[WHAT TO WORK ON]
A faithful copy of all the data is the goal; omit the pictures.

[DATA SECTION Boundary: Start]

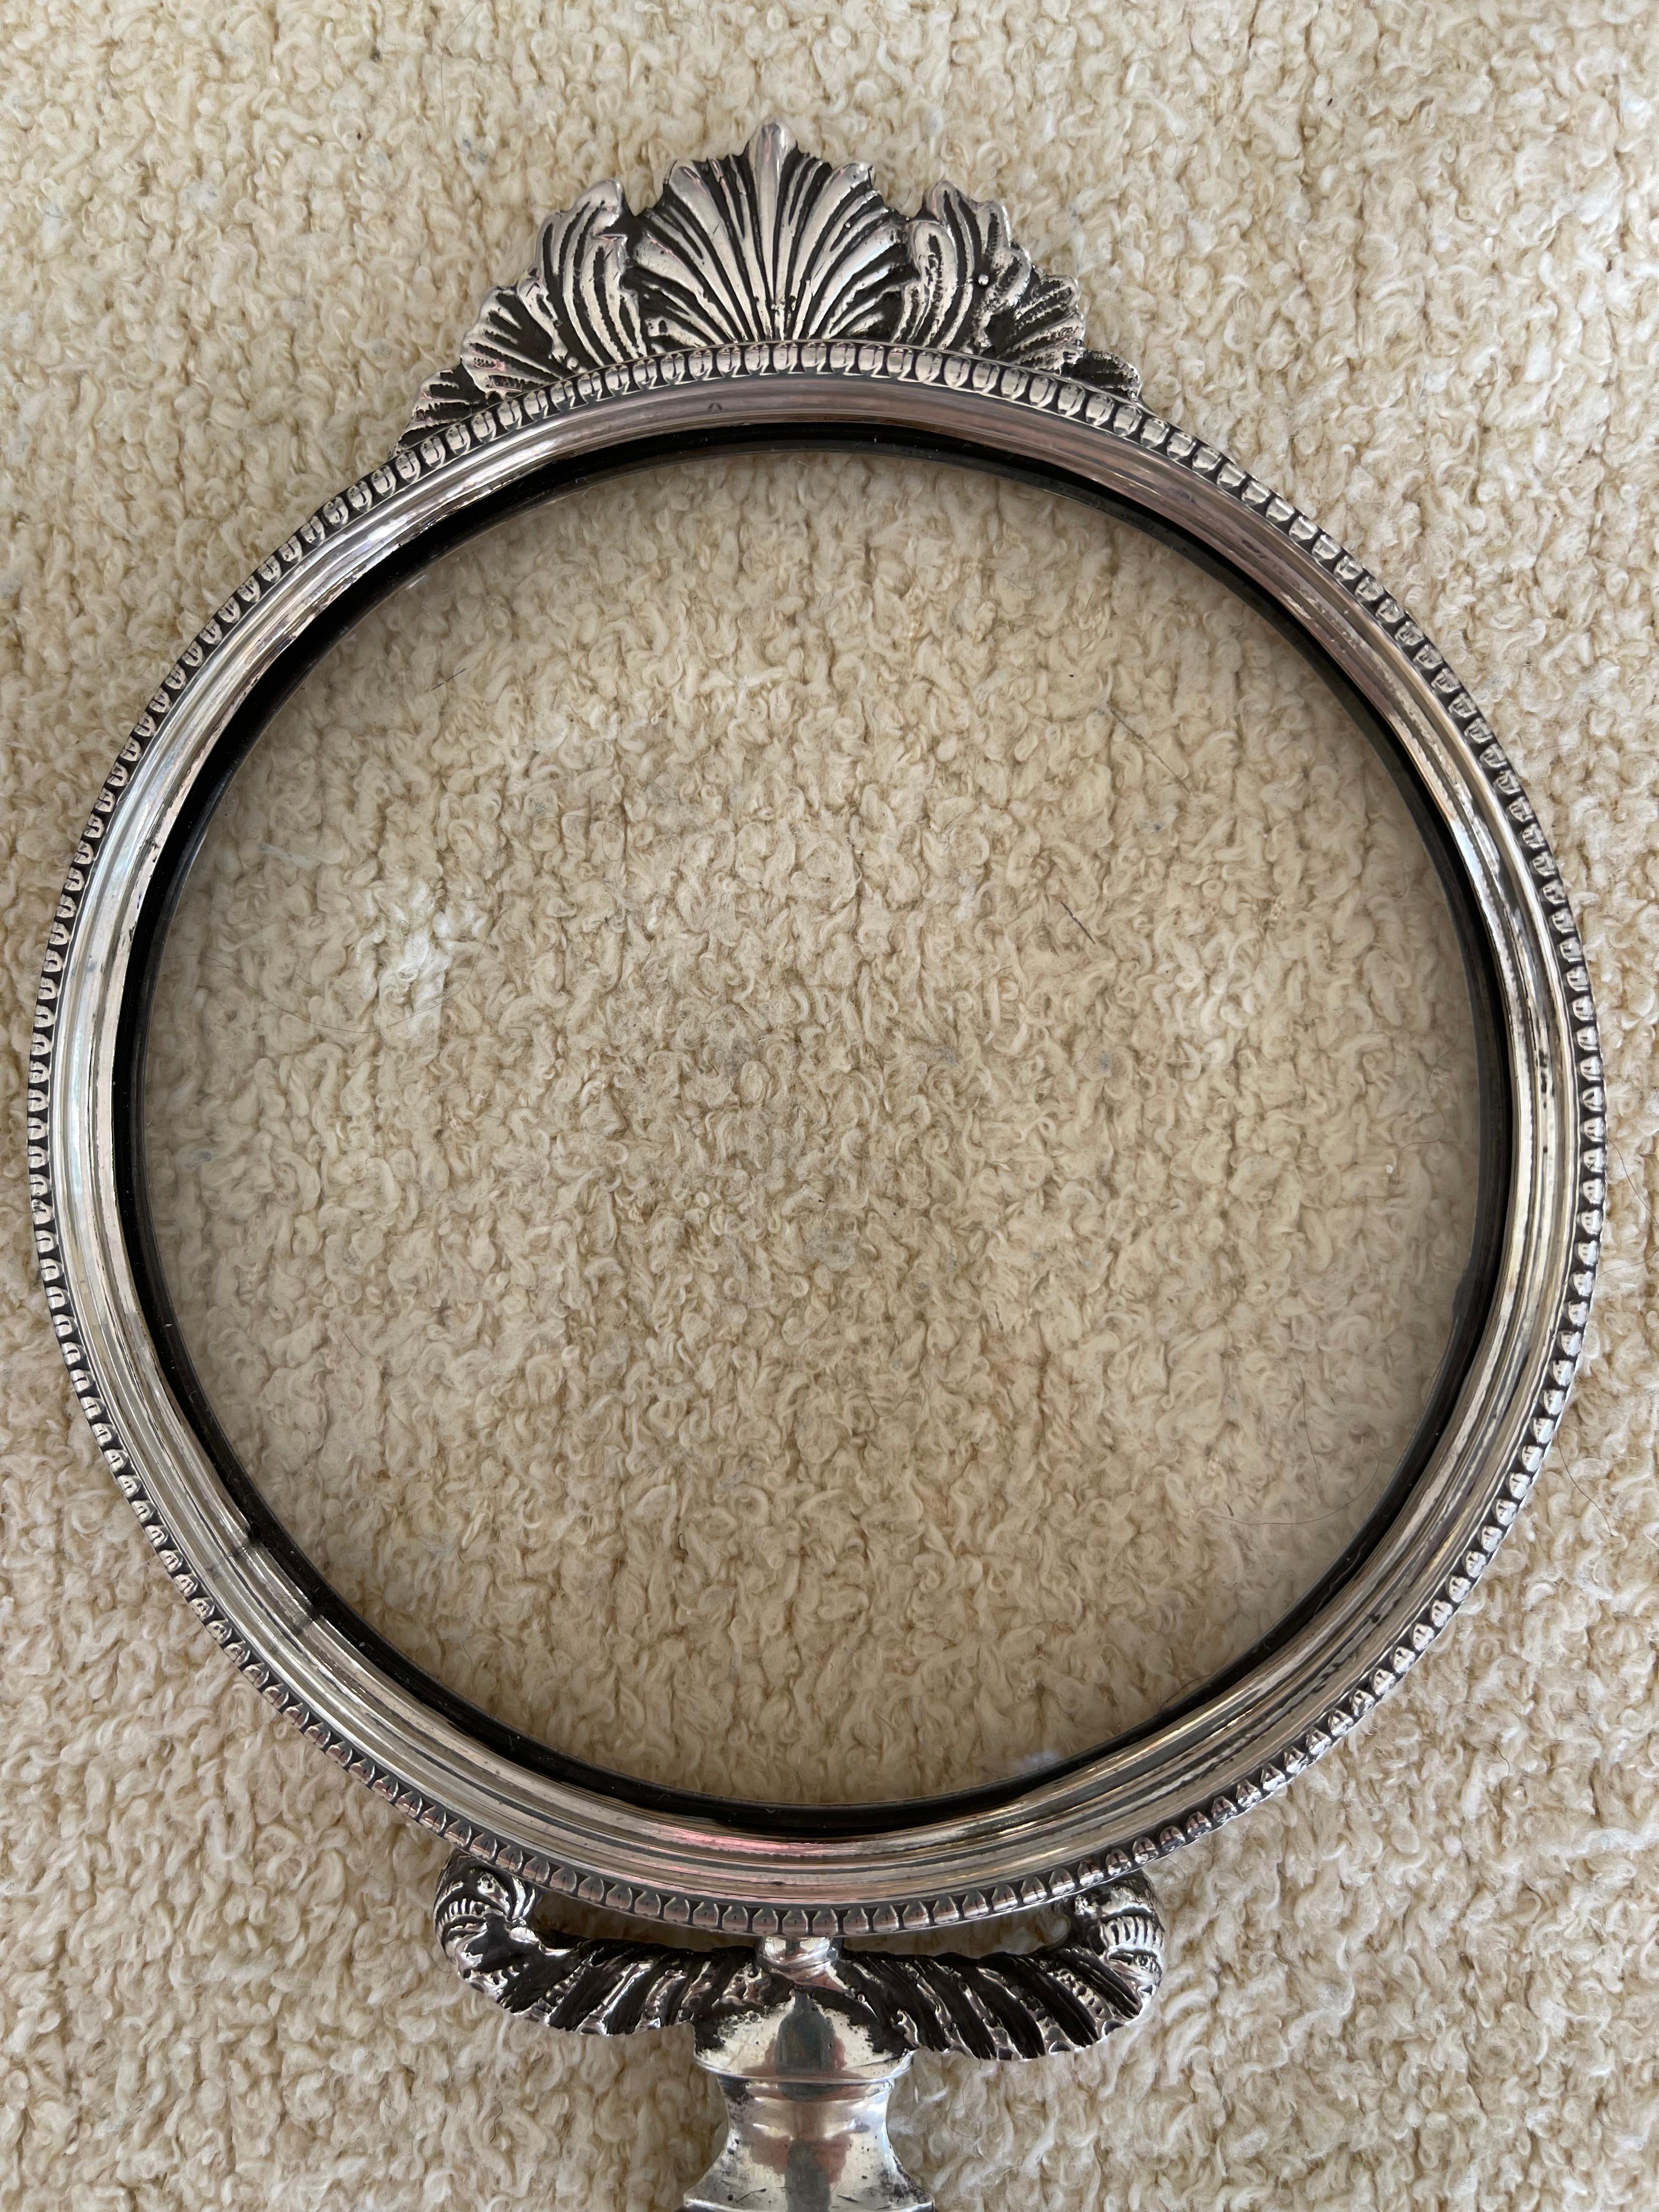  This is magnifying glass is about the highest quality example you can find. Silver plate over bronze and displaying beautiful cast elements. The crest, the handle, and down to the beautifully detailed sides show top quality workmanship. Just to top
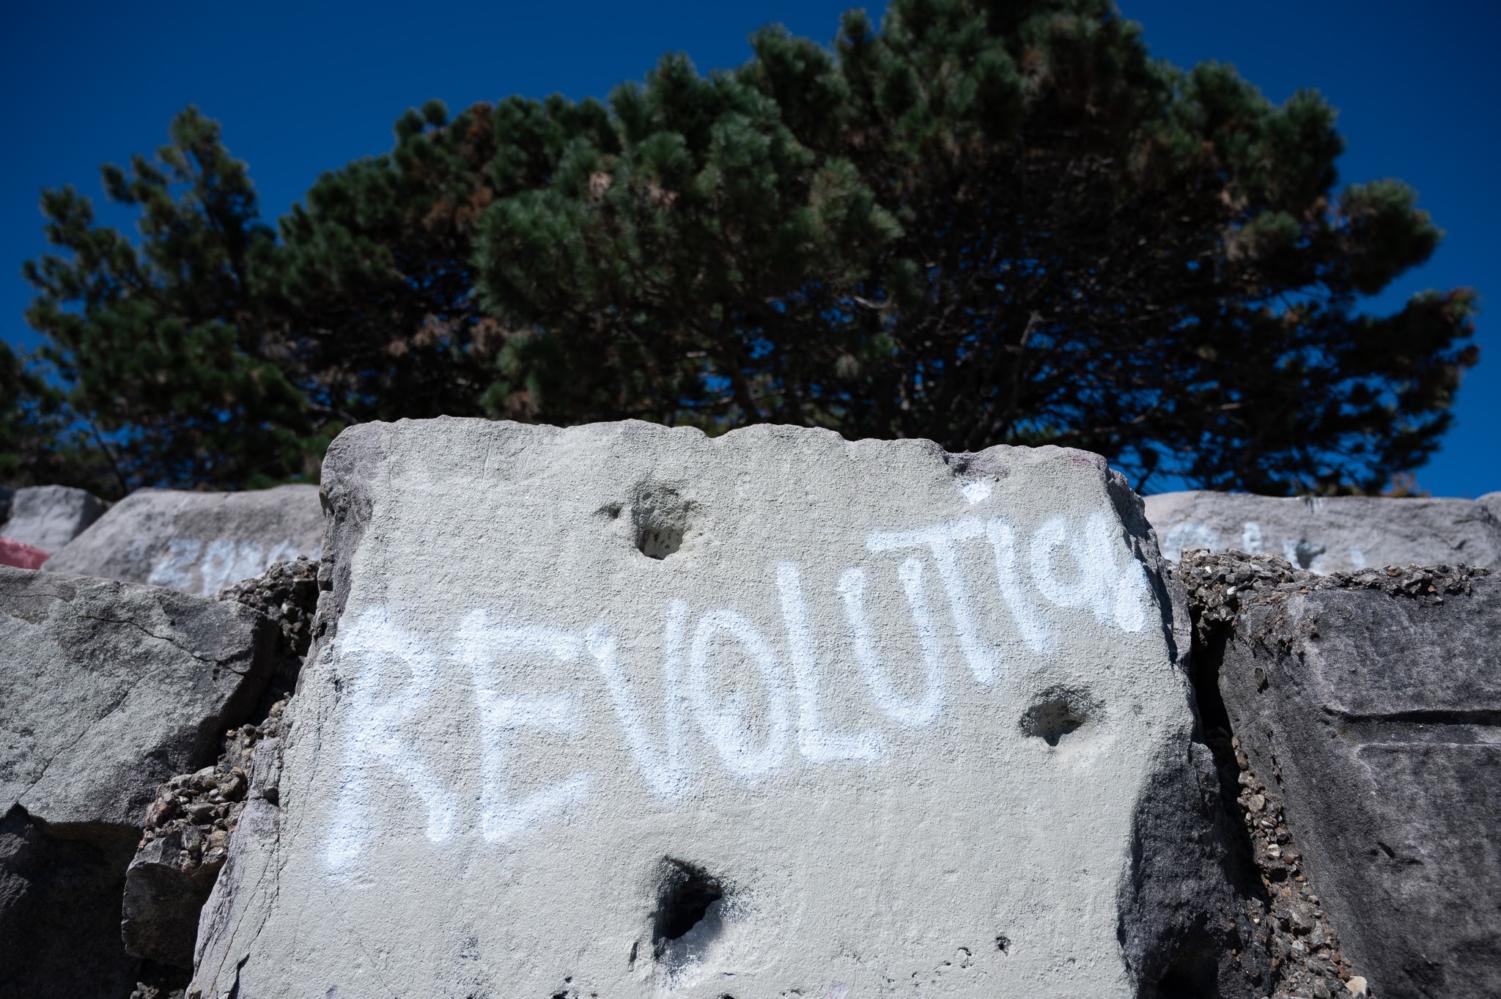 The Point’s limestone also serves as a canvas for local graffiti artists, especially with political messages.
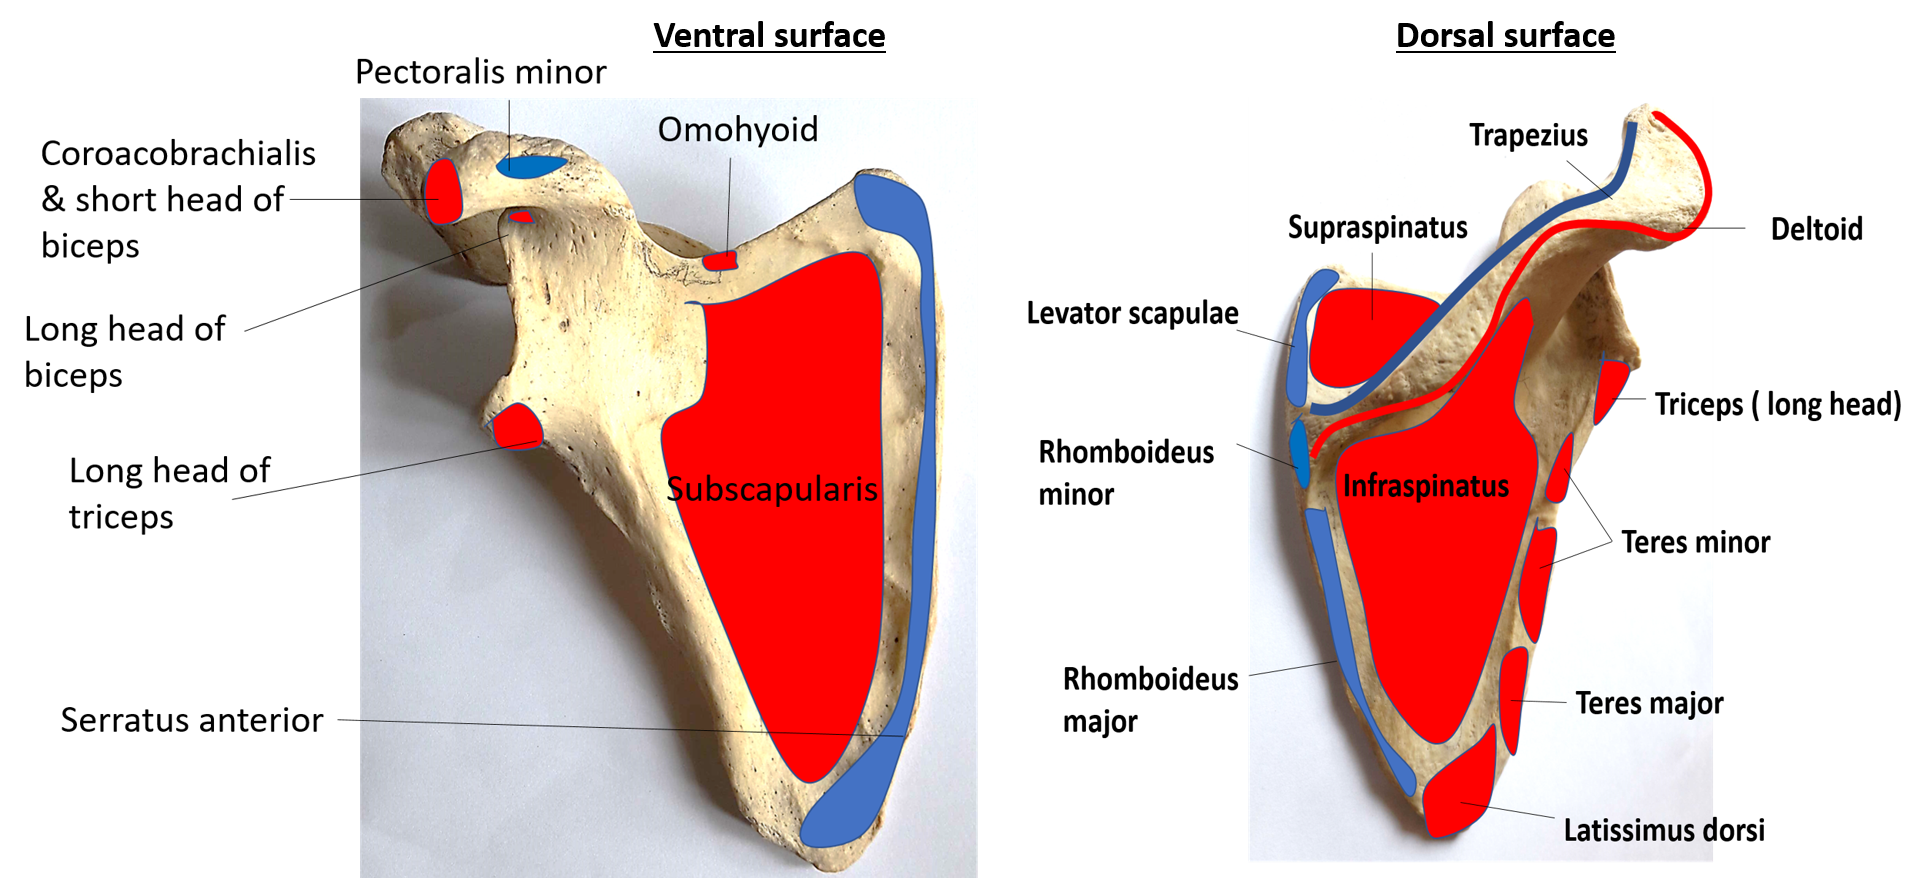 scapula -muscles attached

[DATA SECTION Boundary: End]

[OUTPUT BELOW]
  This is magnifying glass is about the highest quality example you can find. Silver plate over bronze and displaying beautiful cast elements. The crest, the handle, and down to the beautifully detailed sides show top quality workmanship. Just to top
 The Point’s limestone also serves as a canvas for local graffiti artists, especially with political messages.
 scapula -muscles attached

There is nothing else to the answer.